VER
Procuro rehuir las frases hechas, incluso dichas con la mejor intención
del mundo, incluso con su parte (o su totalidad) de razón (cuando la tienen,
cuando uno lo percibe así), no digamos nada si están integradas en/extraídas de
esa prosa placebo que, contra viento y marea (aprovechándose de estos y otros
imponderables de cualquier condición, de los episodios de crisis reales o
imaginadas -y a veces inoculadas, perverso círculo vicioso que hace funcionar
el negocio: te “sano” de aquello de lo que previamente te “enfermo”-), vende
cada año millones de ejemplares de puro humo (que cada quien crea en lo que más
beneficios/seguridad/tranquilidad le reporte, pero no me digan que lo de los
Coelho, Bucay y demás es efectivo porque bien se ve que no -si sus fábulas, historias,
consejitos fuesen tan milagrosos, tan sanadores, el invento se terminaba mañana
y, ahí está el detalle, las borrascas mentales y emocionales que nos azotan-).

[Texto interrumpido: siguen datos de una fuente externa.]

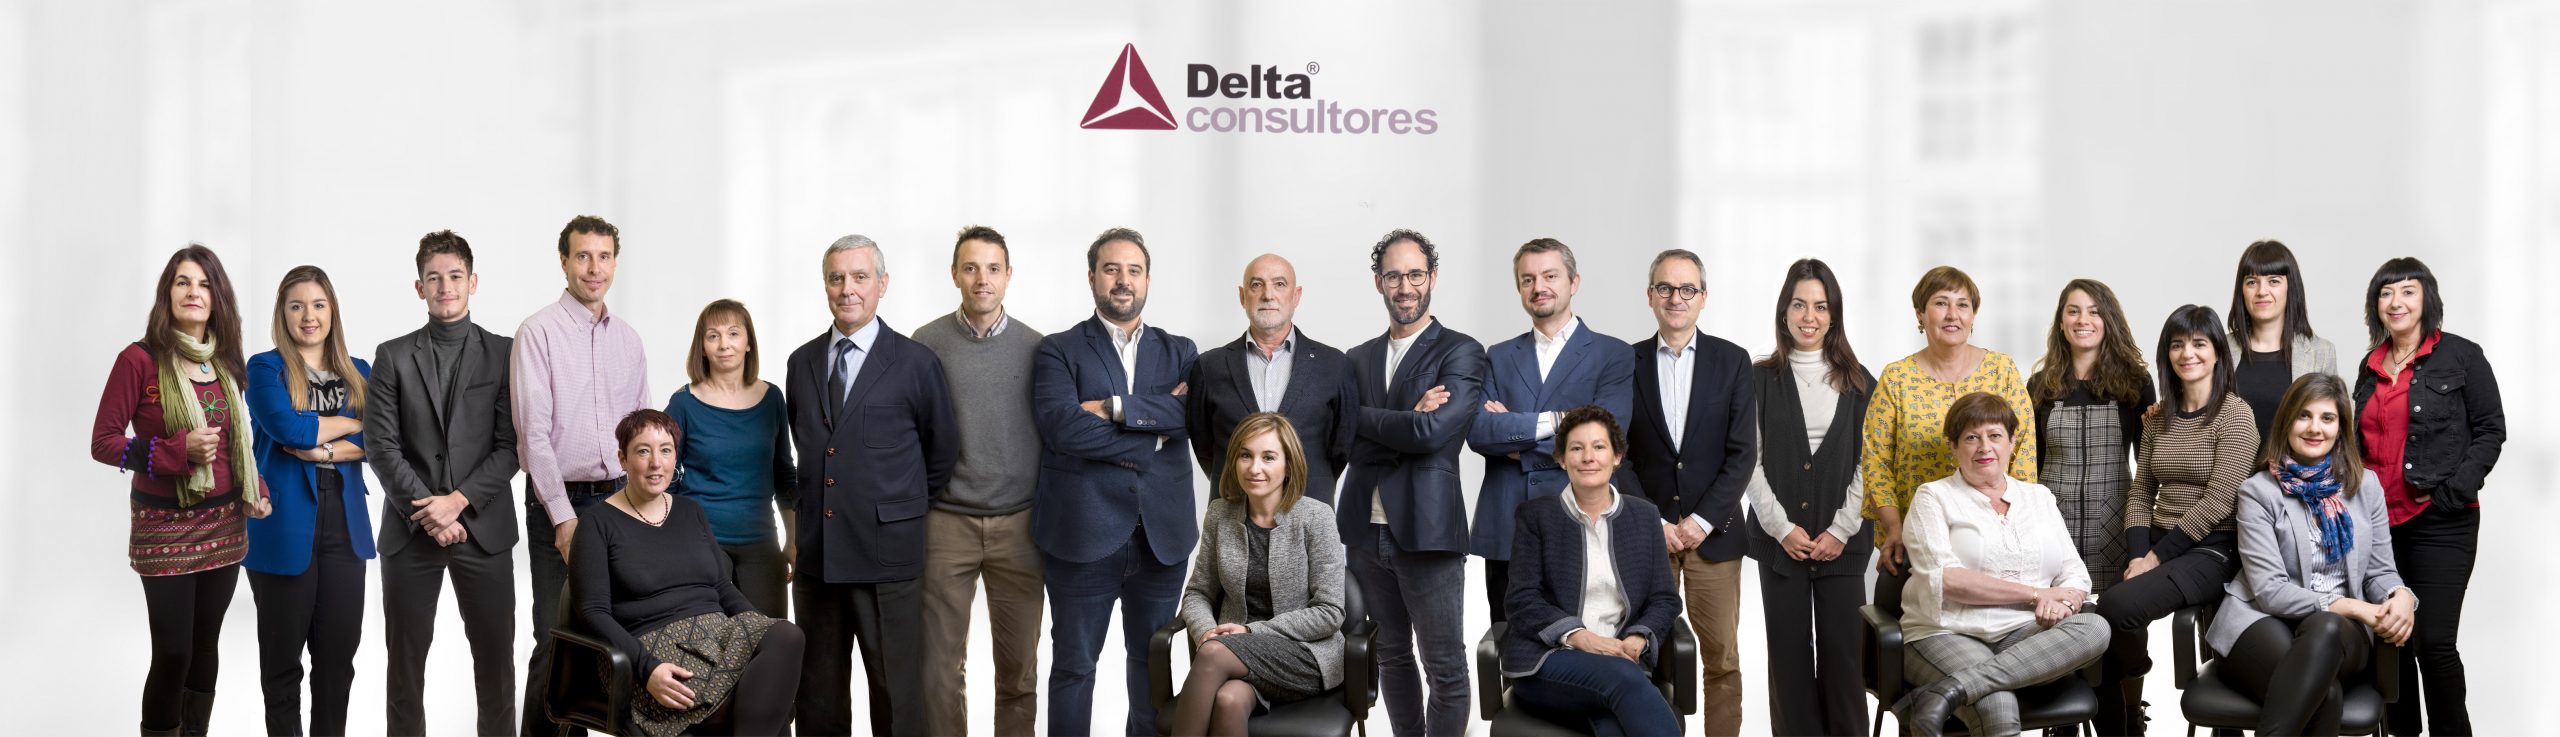 Equipo de Delta Consultores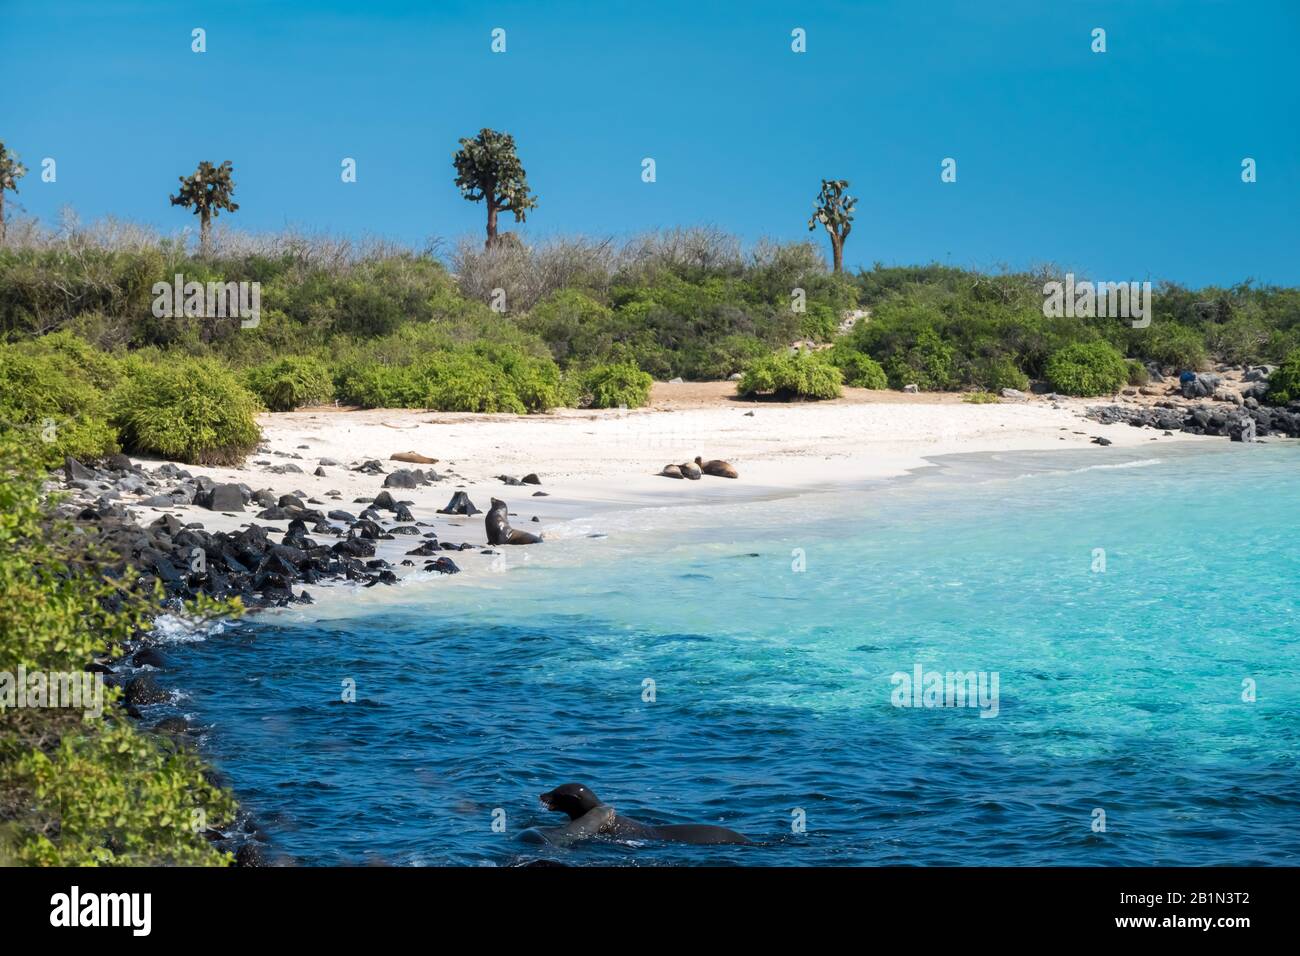 Paysages côtiers primitifs sur l'île de Santa Fe, avec des otaries, des iguanes et des groupes d'alcool marins, des îles Galapagos, Équateur Banque D'Images

Así, no deja de escucharse una de las sentencias (sea dicho con toda la
retranca posible) más crueles, falsas y desconsoladoras (por más que pretenda
lo contrario) cuando se produce el fallecimiento de algún ser querido: “Ya te
acostumbrarás”. Por supuesto, por fortuna (y no en todos los casos), el primer
dolor se atenúa, rebaja su intensidad, se agazapa, pero jamás pasa, se queda
ahí esperando la ocasión para reaparecer, para lacerarnos incluso con más fuerza,
para recuperar toda su esencia, para alcanzar su latido más furioso, aprendemos
(cada uno a su manera) a convivir con la pena, con la ausencia, con el agujero
en el alma, pero (hablo por mí) resulta imposible acostumbrarse a su profundidad,
a su hueco: cuando menos se espera, cuando más vulnerable está uno, todo se
reproduce.
Así, tener que salir de casa con Fosco en brazos en busca de un taxi
para llevarle a urgencias porque, tras un par de días en que ha estado raro,
comiendo algo menos, rechazando su pienso habitual, muy apagado, empezó a
llorar durante el paseo de la tarde, a quejarse queda pero insistentemente, a
sentarse en el suelo y no querer caminar, por más que mientras hablo con la
clínica en casa parece más tranquilo y se ha tumbado en su rinconcito, sentir
su agitación, sus gemidos, volver a la calle acunándole, procurando no dejarme
llevar por el nerviosismo y el miedo, provoca que experimente una angustia
similar a la de la noche en que envolví a Dobby en su mantita y lo llevé a
urgencias, aquella última noche que llevo clavada (y, sobre todo, la tarde del
día siguiente cuando todo terminó), la herida que aún sangra. Para colmo, las
calles están a rebosar, las terrazas de los locales son hormigueros, es la inconsciencia
y/o el egoísmo de cada día, para colmo es festivo, hace una temperatura muy
agradable (incluso un poco excesiva), hay manifestaciones (me entero después de
que han coincidido dos) en Callao, la parada de taxis de la Plaza de Isabel II
(porque por más que la llamemos “de Ópera” ese es su nombre, a ver si algunos
se enteran) está despoblada, hay un grupo de gente bailando chotis frente a la
parte trasera del Teatro Real, un caos, empiezo a temblar y sudar (más), tengo
que dejar a Fosco en el suelo para poder llamar a un coche y el pobrecito casi
se tumba, deja la cabeza muy gacha, nos transmitimos nuestras ansiedades. La
peripecia para llegar a la clínica (una de 24 horas, al menos no está demasiado
lejos) es surrealista pero no me apetece describirla, dejémoslo en que di
algunos gritos, me indigné ante la burricie de quien incluso con un cartel
delante niega la evidencia, solté varias lágrimas, pedí perdón al conductor que
nos recogió porque era el menos culpable de lo sucedido.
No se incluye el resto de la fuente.